The pieces titled "Shadow Monuments (Research)" represent a group of works that were vital for the research, development and production of the video, Shadow Monuments. These photographs and research notes started as a project to document the Claremont Consortium's inaccessible institutional archive, which revealed how archival structure perpetuates certain histories through the printed document, and investigated how access to knowledge is vital for countering dominant historical narratives.
This photograph was taken in the Special Collections back offices at Honnold Mudd Library, which serves the public and the Claremont Consortium’s seven academic institutions.
This photograph was taken in a Special Collections storage room at Honnold Mudd Library, which serves the public and the Claremont Consortium’s seven academic institutions. This piece was part of my research for the video, Shadow Monuments.

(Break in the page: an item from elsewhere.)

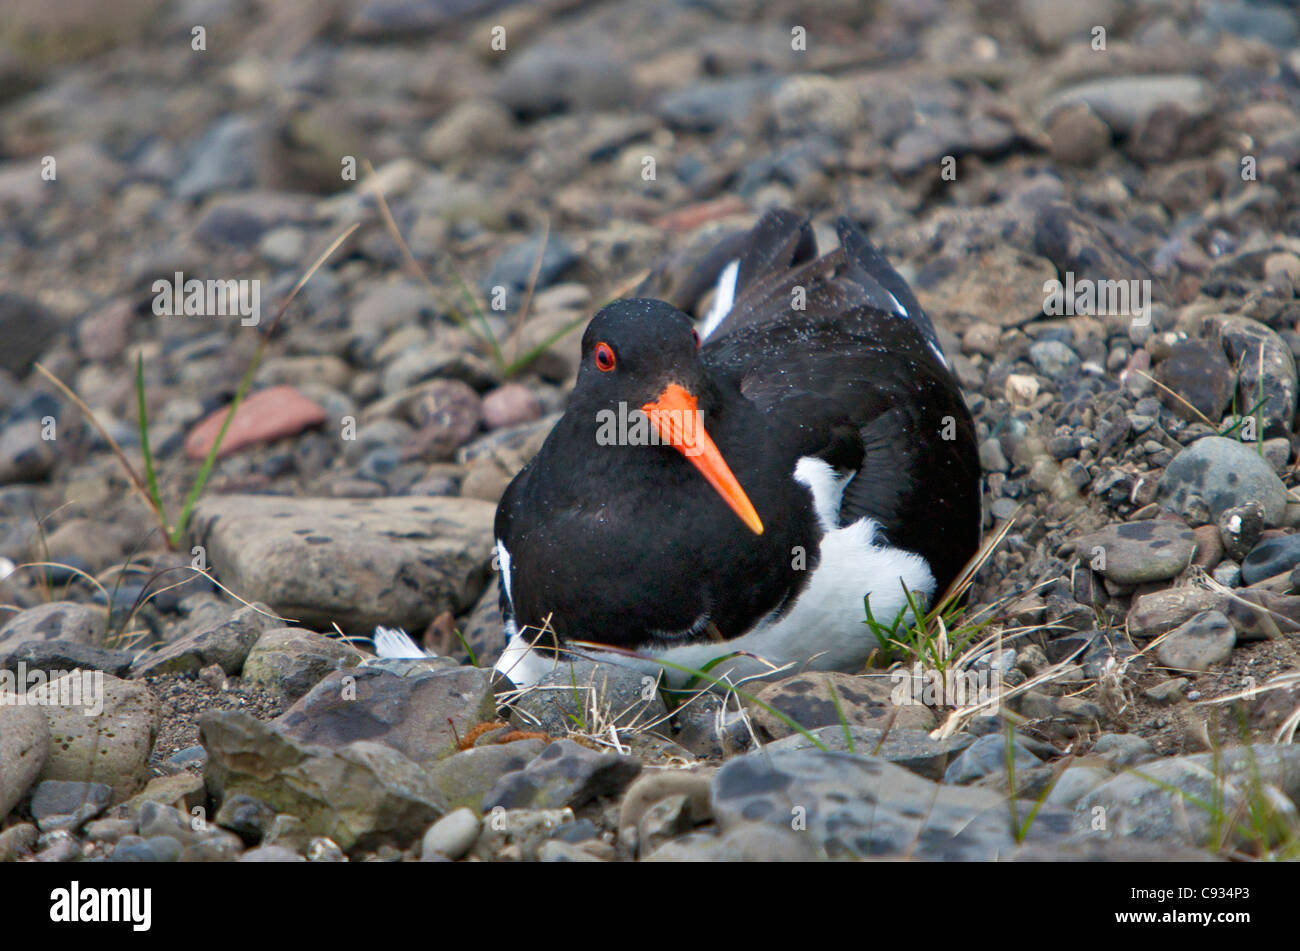 An oystercatcher sitting on eggs.  These birds are common waders in all coastal regions of Iceland. Stock Photo
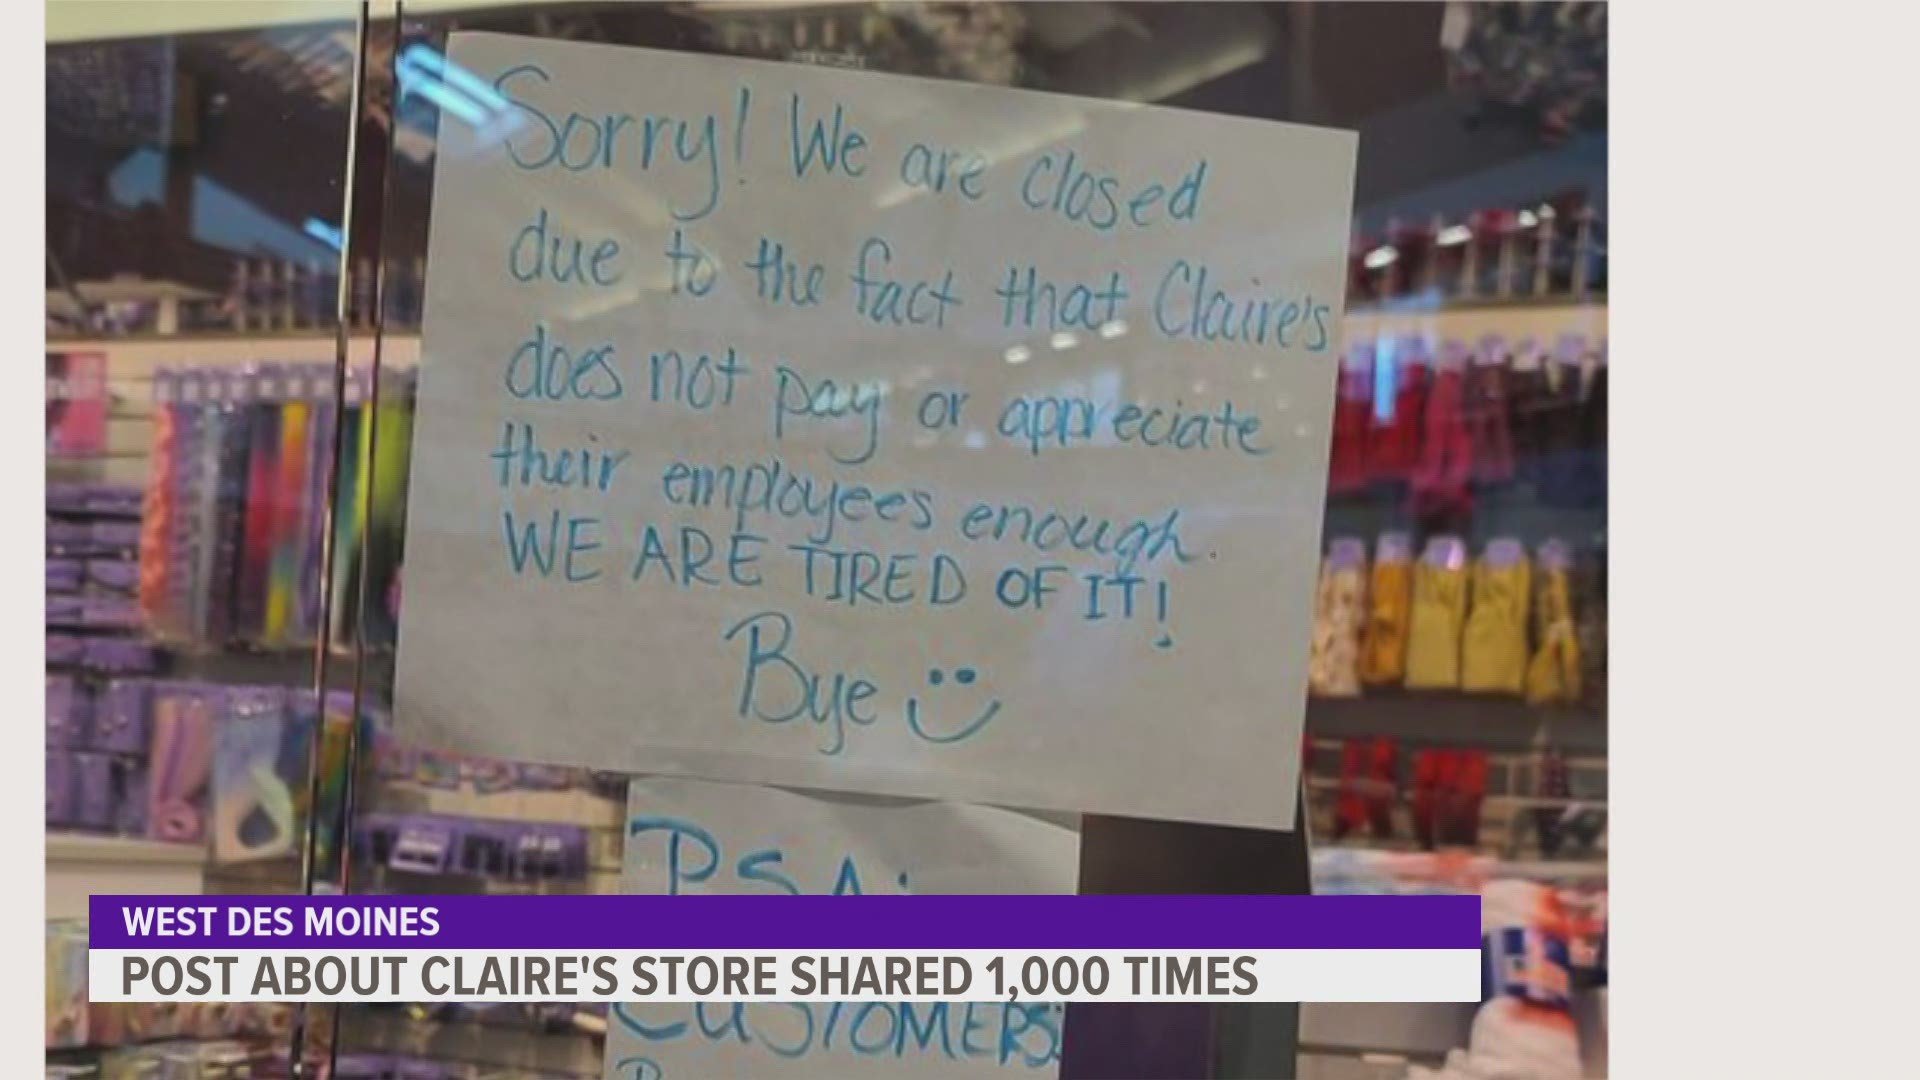 "We are closed due to the fact that Claire's does not pay or appreciate their employees enough," one of the signs reads. "We are tired of it! "

This piece shows the research paper that accompanies the video, Shadow Monuments. It was produced from hundreds of pages of research notes and outlines. The paper’s organization is structurally reminiscent of archival classification systems that, though often rooted in Dewey, Cutter, Putnam or the Library of Congress’ own categorizations, are arbitrary in nature. By creating my own archival categories and organizing my works through them I hoped to underscore how classifications signify in a system external to the signified – what determines a category is trivial beyond this definition’s real-world implications – and in so doing question the narrow and oppressive structures inherent to taxonomy. The essay loosely follows these categories: cameral science, the archive and psychogeography, and shadows/archaeology/memory. This construction serves as a guide, or map, for writing that rectifies the archive’s rigidity through nonlinear, discursive fragmentation that mimics my interdisciplinary research style.
Shadow Monuments sees the artist working through taxonomic systems to question their destructive past, crafting an archival present that redefines image, document and monument as sites of restored remembrance and creative practice. This piece, in combination with photographs, notes, and maps (Shadow Monuments Research), was presented for my studio art honors thesis at Pitzer College. At full length
it is shown looped to negate a beginning and end.